Learn the industry before you apply by connecting with those already working in it: Folks working in the field of humanitarian response or development can offer targeted, insightful advice that will be invaluable and also allow you to network when do you eventually submit an application. Some advice on reaching out;
Start with your immediate circle – ask friends if they know anyone working in the field and ask to be connected. I suggest starting with your ‘inner circle’ first because you will make missteps and your inexperience in the field will be obvious in your first few conversations. If you can frame yourself as ‘green’ and seek their advice on a) where your skills could be valuable, b) what spaces in this field you might fit in and c) any advice they have to make you more competitive when you reach out to others.
Reach out on LinkedIn or through networking – Find out who the people are in the areas you want to work in, and request that they share their experience in the field. Frame the conversation as you seeking their expertise and come prepared with questions to learn, not with a sales pitch to show why you’re a great candidate. People are generally quite responsive--even cold turkey--on LinkedIn so give it a shot. Have a clear “ask” (i.e. to learn how you got into the field and get your perspective on how a mid-career professional might transition), ask for a limited time (less than 30 minutes) and come prepared by knowing about them and their work.
Use common courtesies – If you do chat with people to get advice, remember to reply to their emails quickly (people often have short windows where they can connect and then things get busy and they get unresponsive), keep your emails very brief (and without a lot of language about yourself, until asked), and send a thank you follow-up email always within 24-48 hours.
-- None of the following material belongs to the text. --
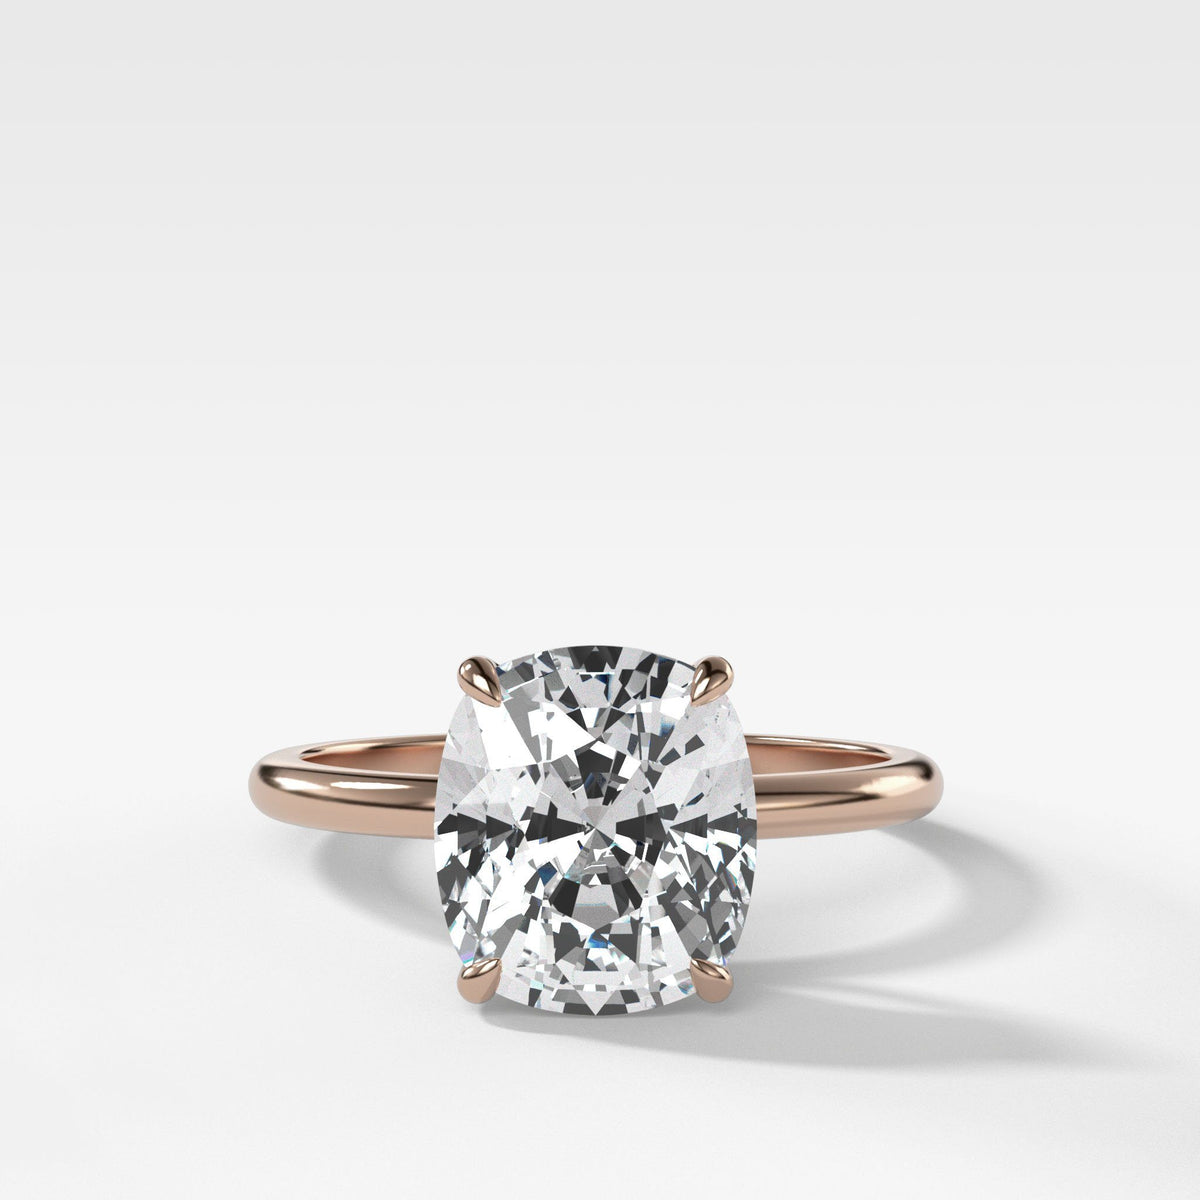 Thin + Simple Solitaire With 3.18Ct Elongated Cushion Cut by Good Stone in Rose Gold

Get experience before you transition fully into the field by volunteering in your home community: Generally as people think to make big switches, they forget that they can also be engaged in international development or humanitarian work in their home communities and this counts, a lot! People can volunteer by working with refugee communities, under-resourced communities, international advocacy, or local poverty alleviation work -- even volunteering in the COVID response. This can be done on the weekends or while people are still working in their previous roles – it both helps build important experience and allows you to better understand where your strengths may lie.